A group of Chimpanzee's were placed in a setting and left alone to create a hierarchy. After awhile, a banana was placed on a string suspended from the ceiling. The Chimps were allowed to get the banana and eat it until it became a regular thing. After this habit was developed, the researchers added a new eliment. When the next banana was lowered and the Chimp went to retrieve his reward, a blast of ice cold water from several hoses doused the whole group of chimps. After this was done enough that the chimps understood that the banana now represented an unwanted response, they quit going for the reward. 
The next step in the research was to add a new chimp to the process, this chimp had no idea of the punishment for going to the banana. As the banana was lowered and the new chimp went to retrieve it, the rest of the clan attacked him and beat him. They knew the result of his attempt. This was repeated...adding a new chimp and taking out old chimps, until all the chimps that had actually experienced the cold water were not in the cage anymore. Yet, every time a new chimp would go for the banana, the others would attack and beat the crap out of him, even thought they had no idea what the original cause of the response was, or why they acted that way. It all comes down to this, we need to make changes. Just becuase this is the way we have always done something, does not make it right, it makes it stupid. If those chimps could talk and you asked them, "why are you beating the crap out of the guy who is trying to get that banana?", they would tell you, "because, that is the way it has always been."

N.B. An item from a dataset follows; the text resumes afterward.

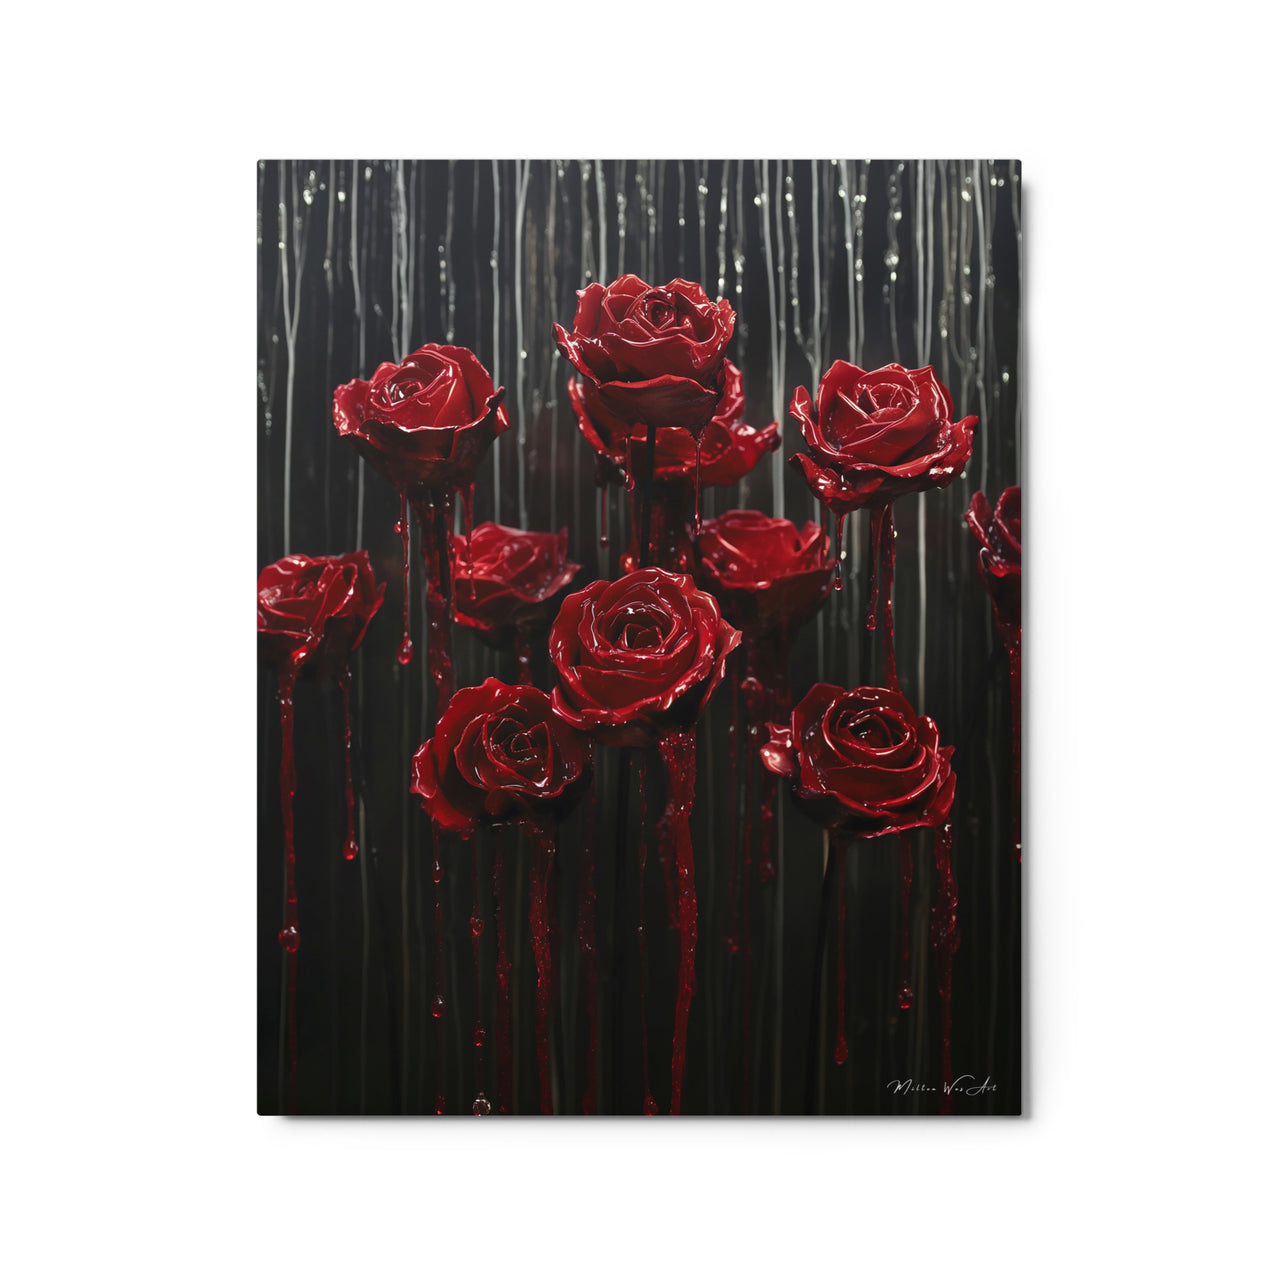 Close-up of vibrant red metallic roses with glossy drips on a dark striped background, metal print by Milton Wes Art.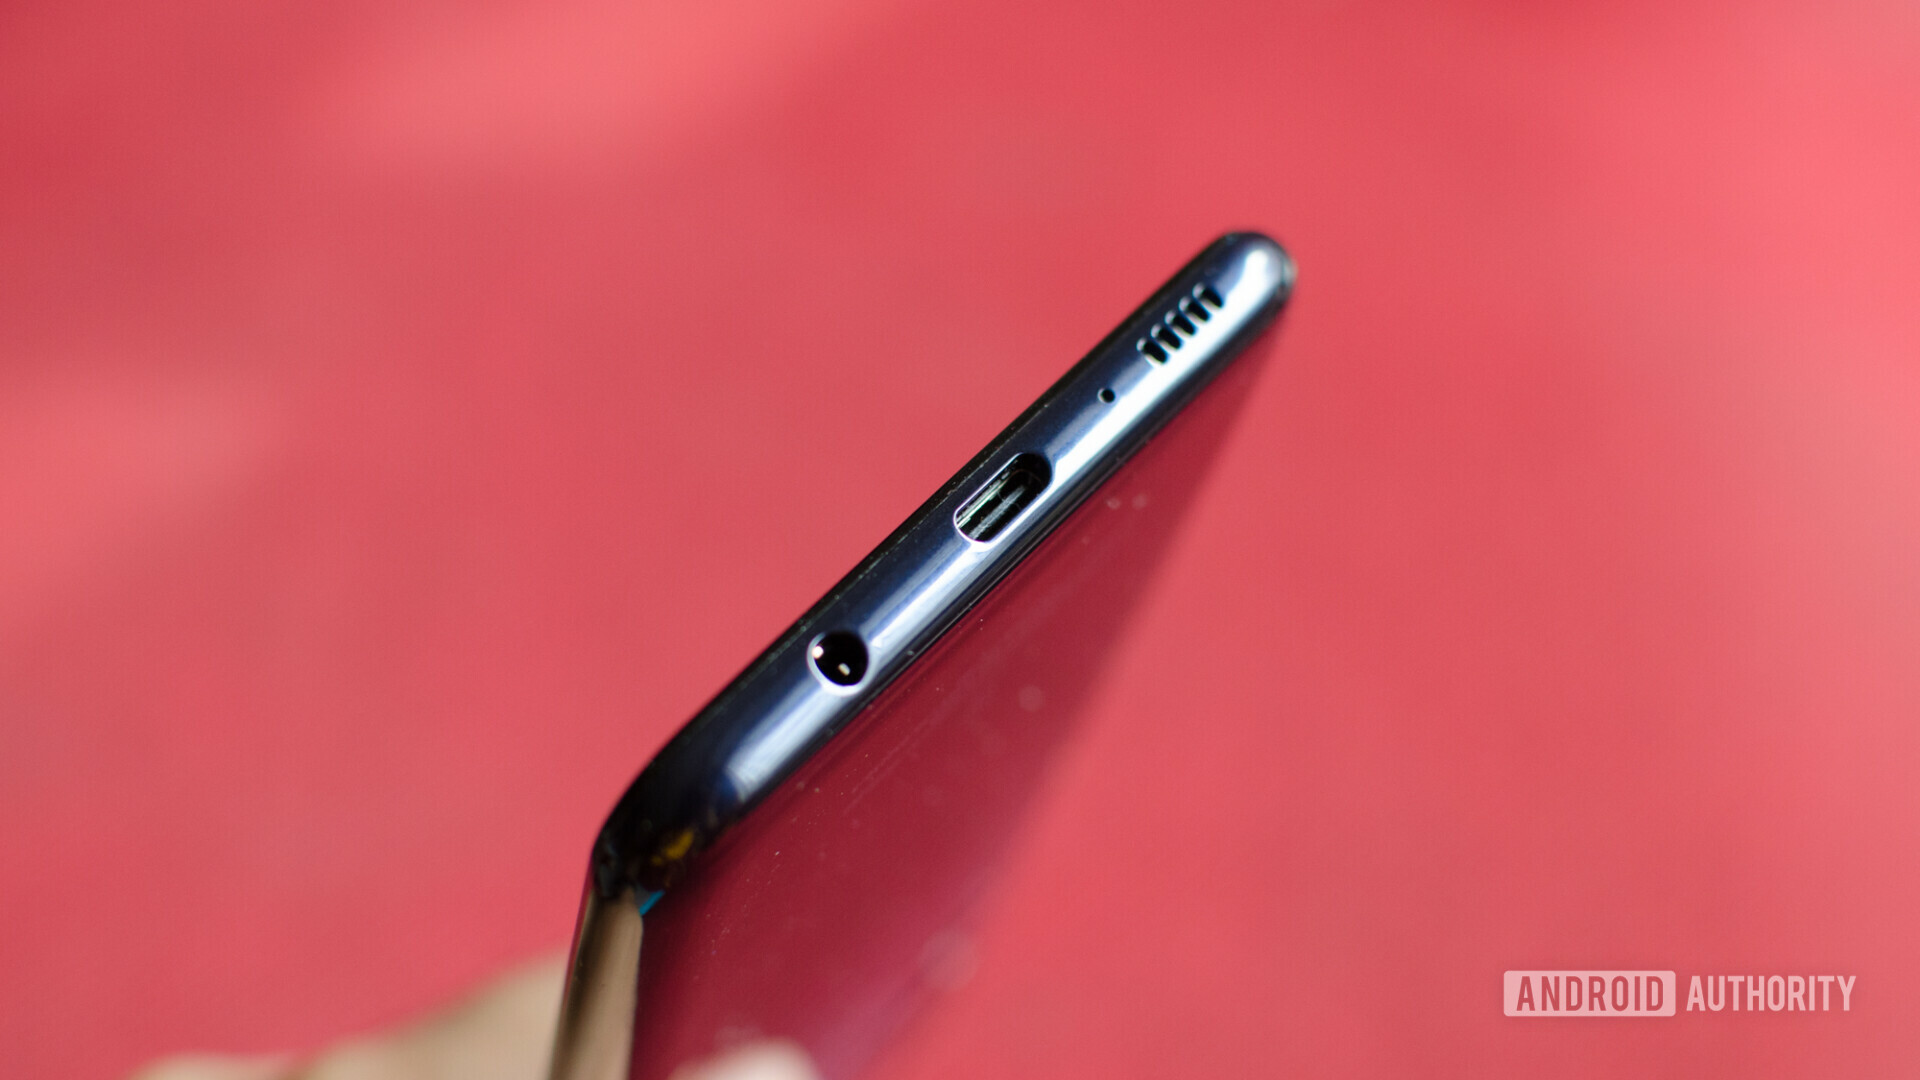 Bottom side of the Samsung Galaxy M30 showing the USB Type-C port and headphone jack.

Our dependence and a few peoples greed for fossil fuel on this planet is the main cause for all this crap we are putting up with now. If we were not dependant on the middle east for oil, they wouldn't be mad at us for being over there, "influencing" there backwards ways. We need to seperate ourselves from them and worry about what goes on in our own backyard, instead of everyone elses. The terrorist attacks that will be the worst will come from inside this country, without any help from nuclear sources in Iran...Syria...wherever you choose to let you boogeyman live. Our country is dying from the inside as we keep looking for the grim reaper in third world country's.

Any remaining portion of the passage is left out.